AVAILABLE DATA:
'''
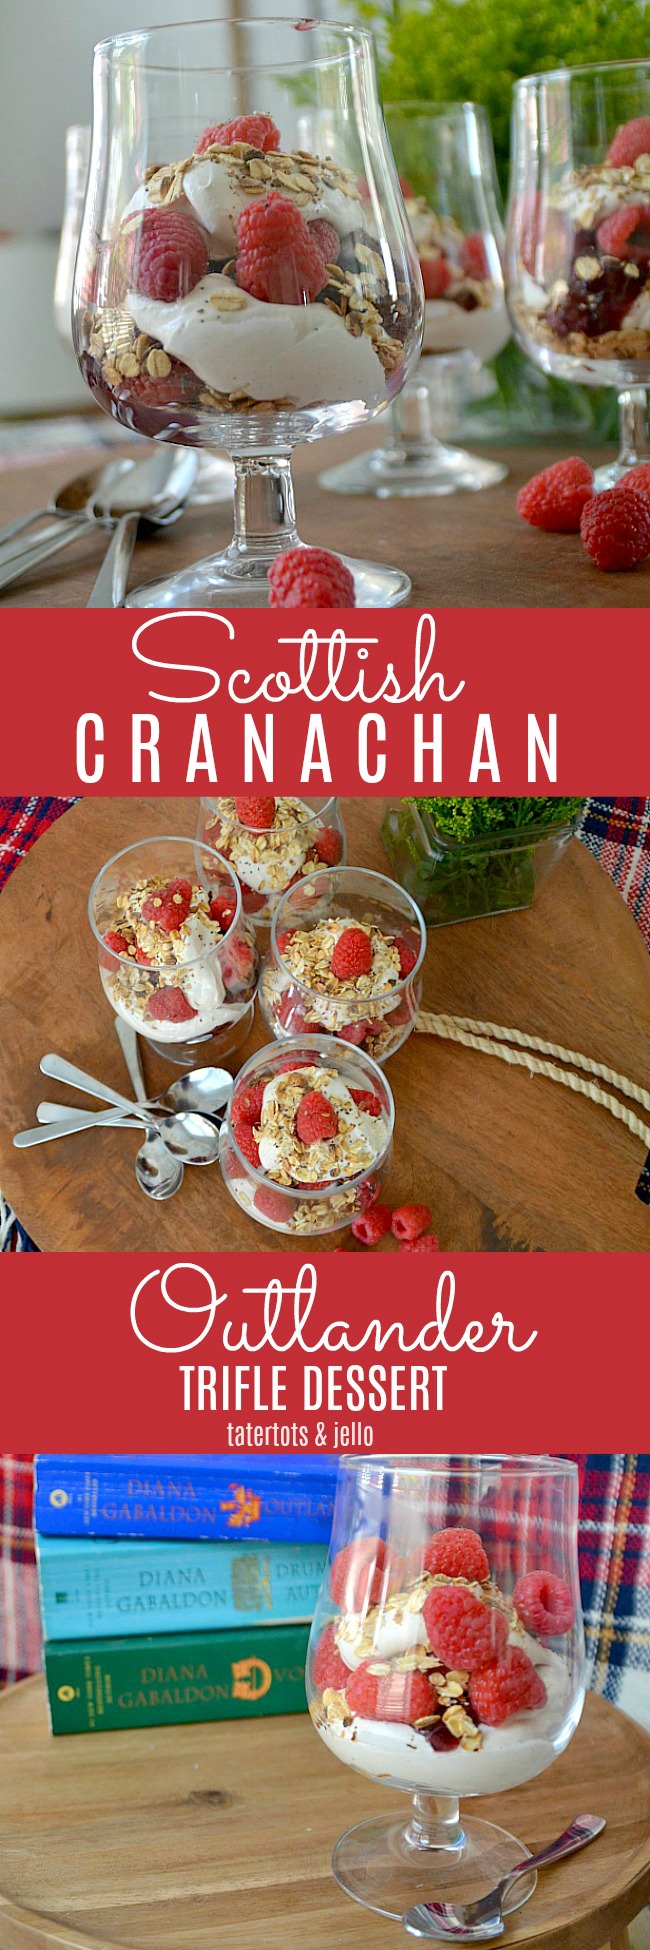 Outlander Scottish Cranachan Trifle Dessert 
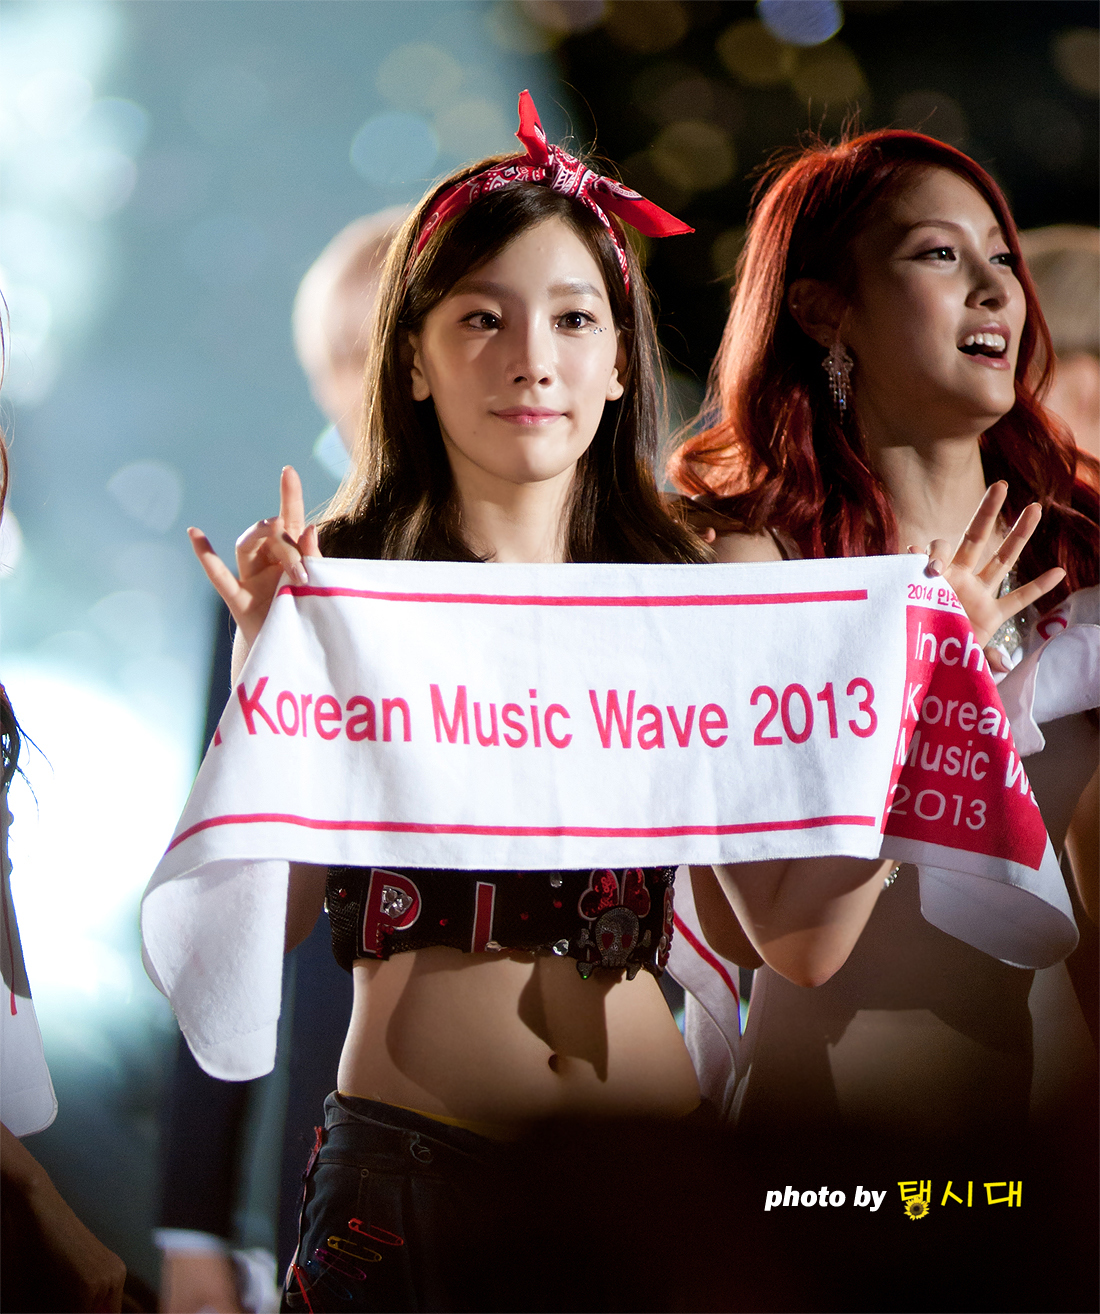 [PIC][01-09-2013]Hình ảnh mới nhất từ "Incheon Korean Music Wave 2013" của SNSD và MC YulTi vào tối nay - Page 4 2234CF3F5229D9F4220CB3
'''
'''
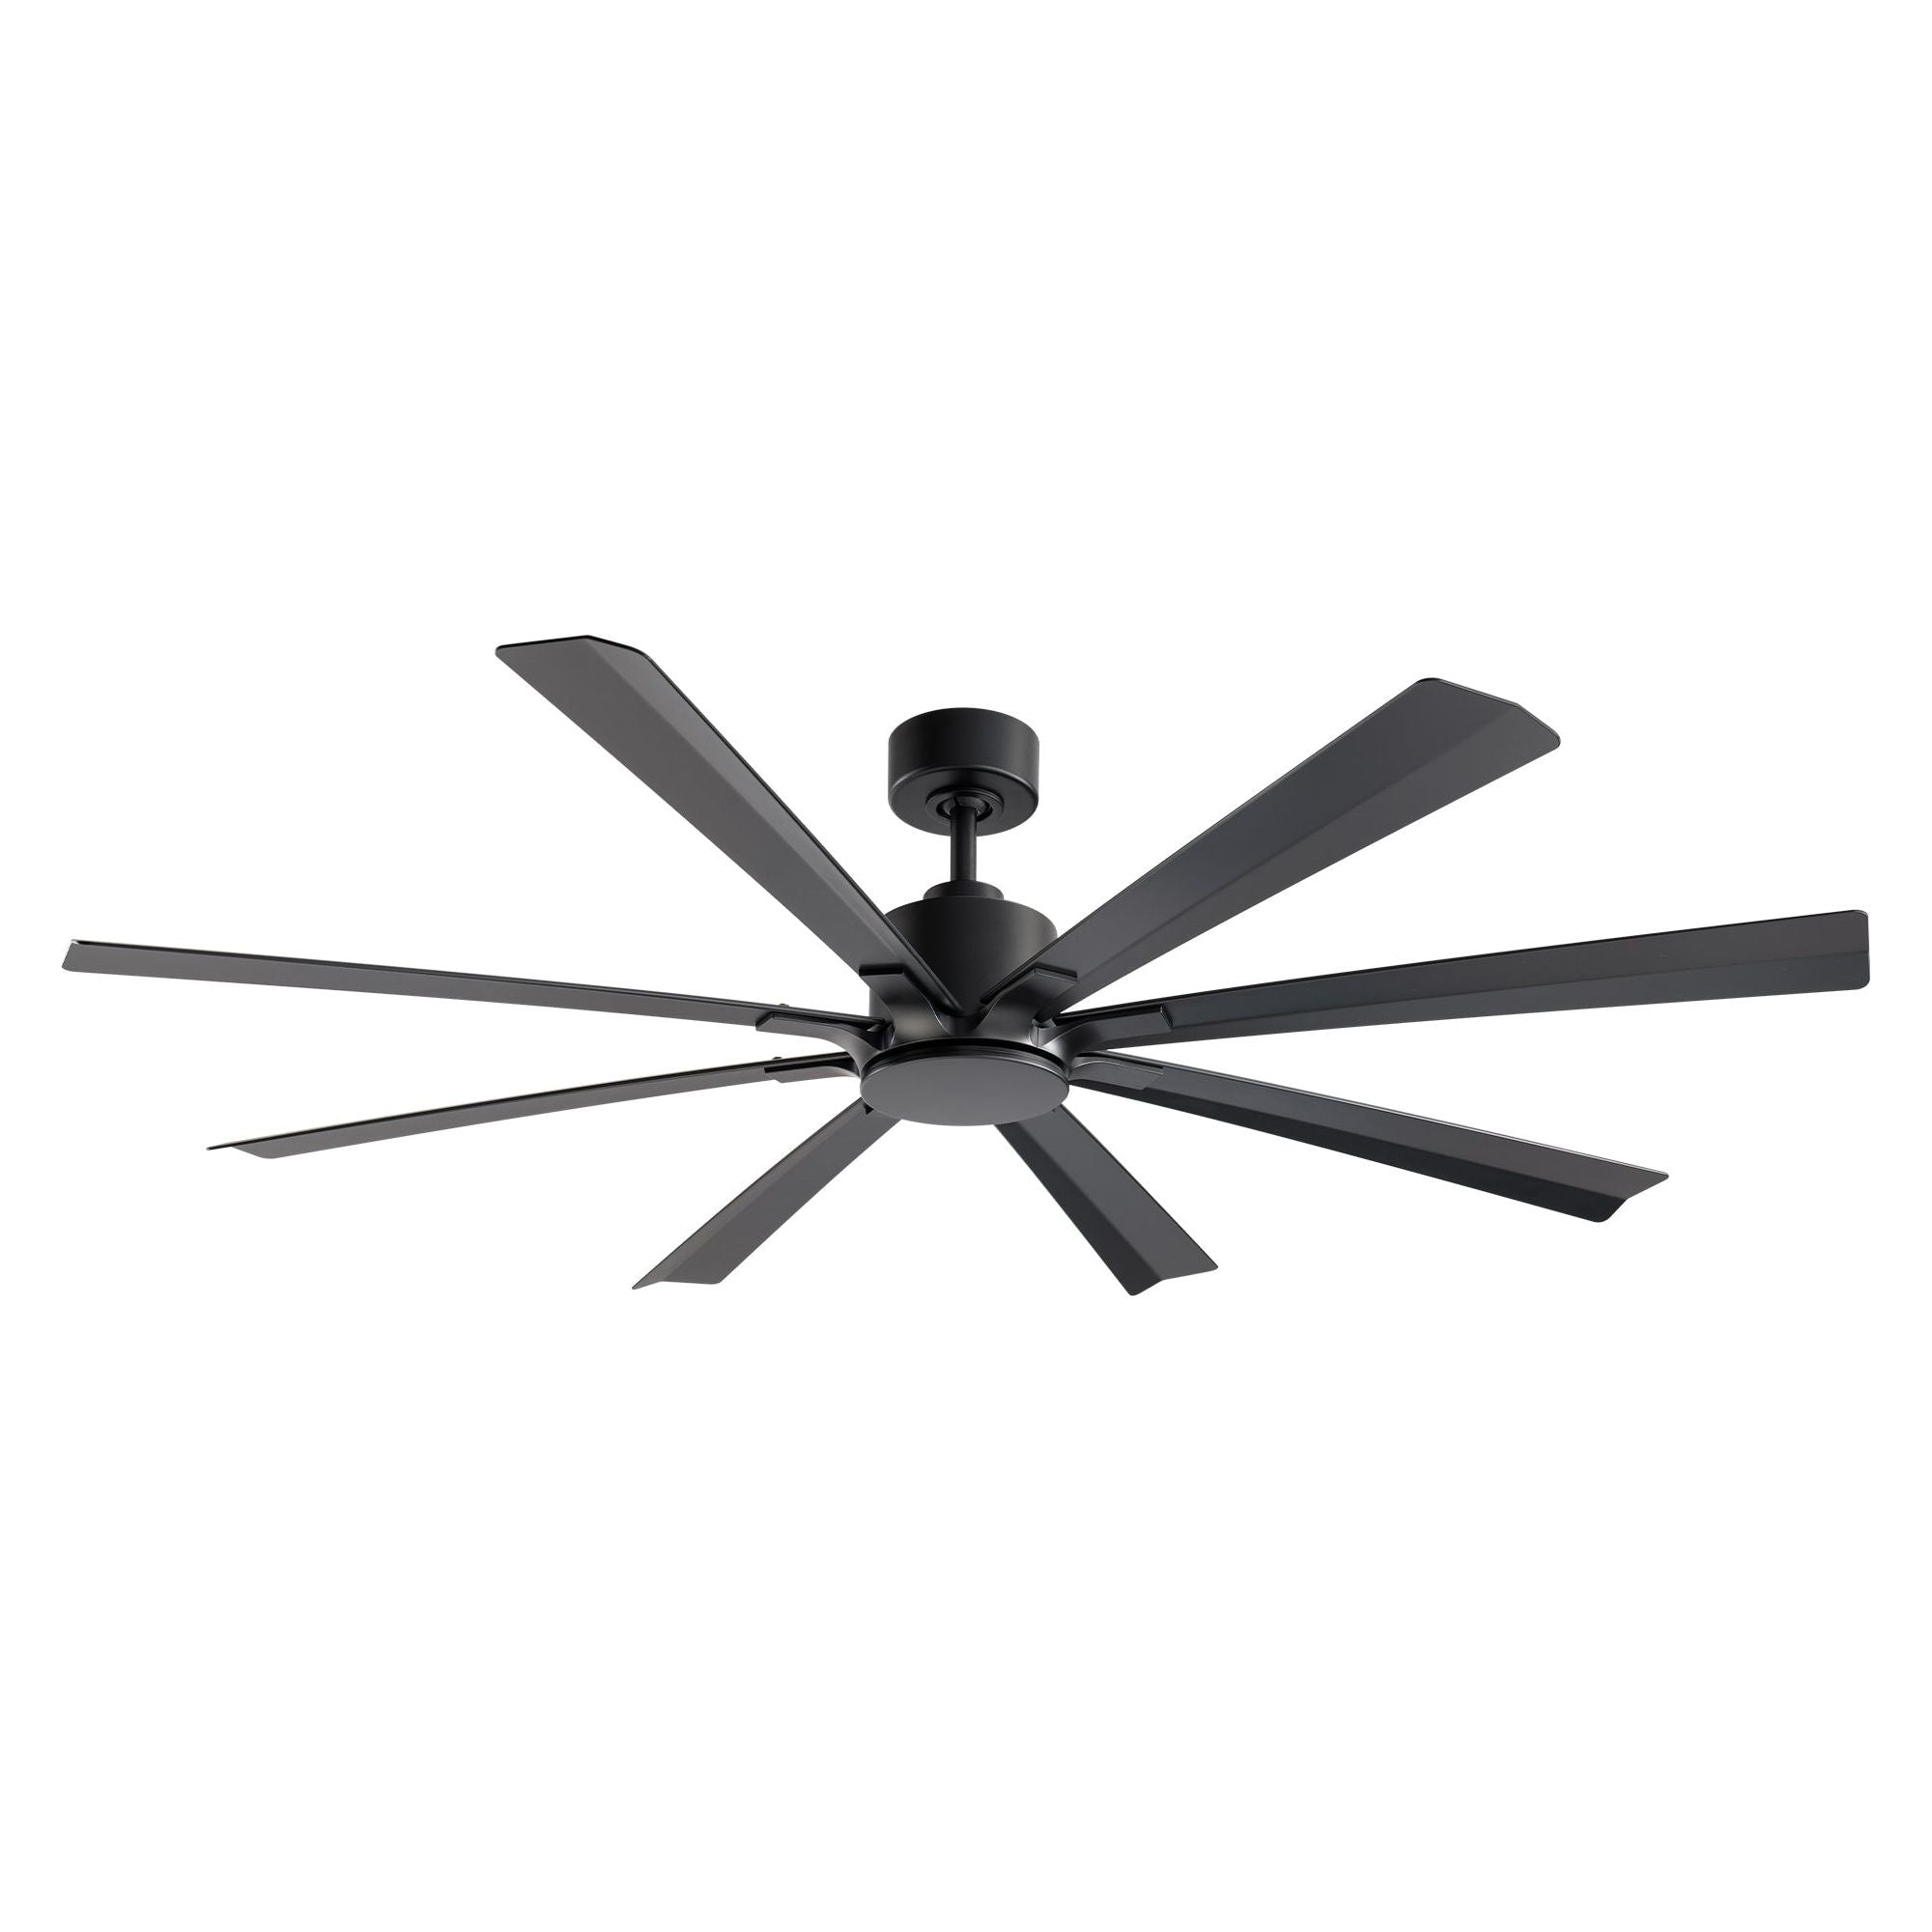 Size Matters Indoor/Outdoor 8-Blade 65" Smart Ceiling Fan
'''
'''
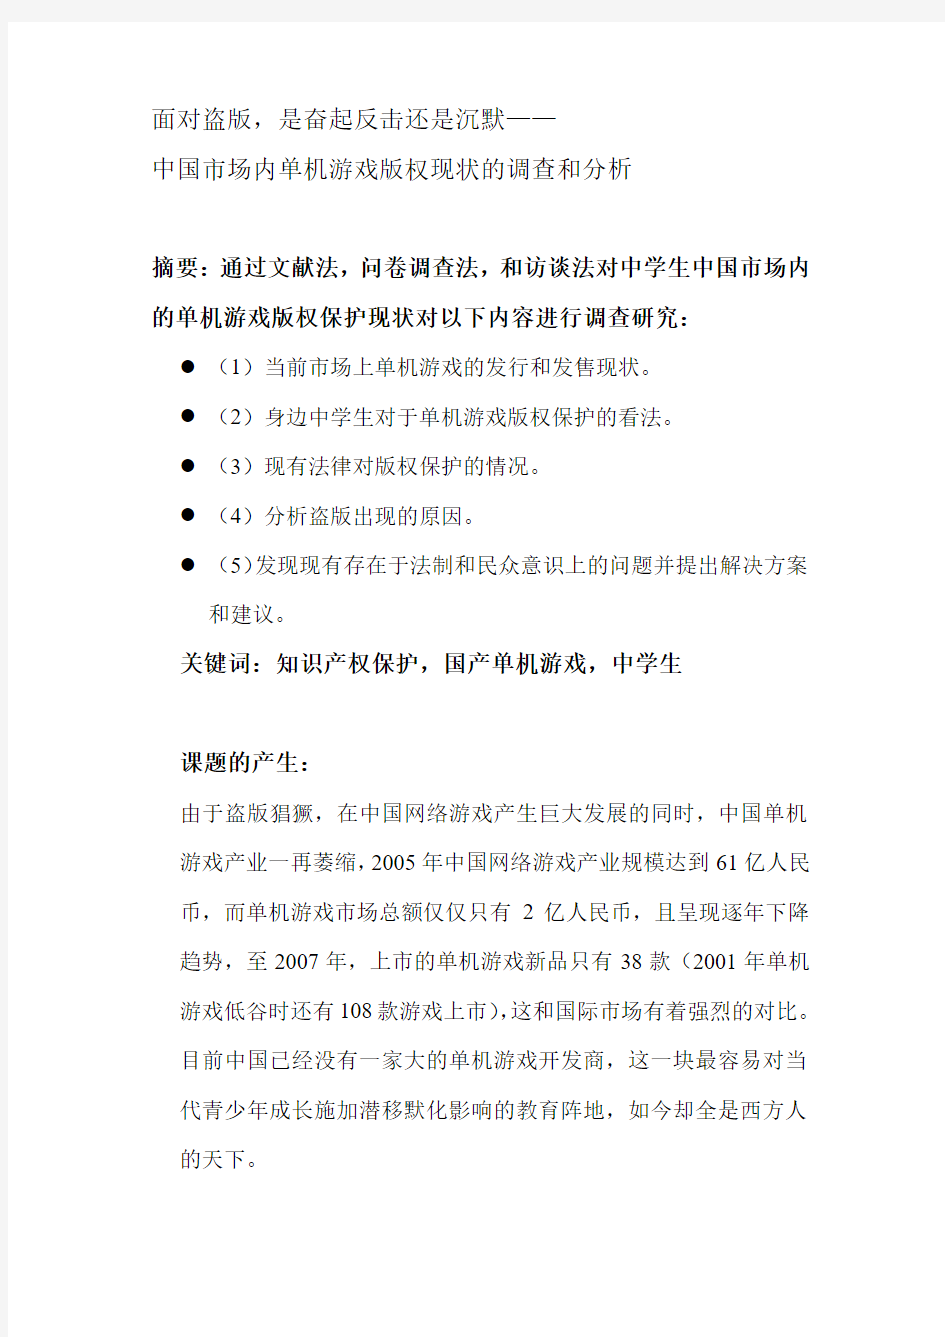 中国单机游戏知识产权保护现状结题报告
'''
EXERCISE GOAL: Using the entries above, transcribe every line from the line containing "Outlander Scottish Cranachan Trifle Dessert" through the line containing "[PIC][01-09-2013]Hình ảnh mới". Do not copy pictures.

ANSWER BOX:
 Outlander Scottish Cranachan Trifle Dessert 
 [PIC][01-09-2013]Hình ảnh mới nhất từ "Incheon Korean Music Wave 2013" của SNSD và MC YulTi vào tối nay - Page 4 2234CF3F5229D9F4220CB3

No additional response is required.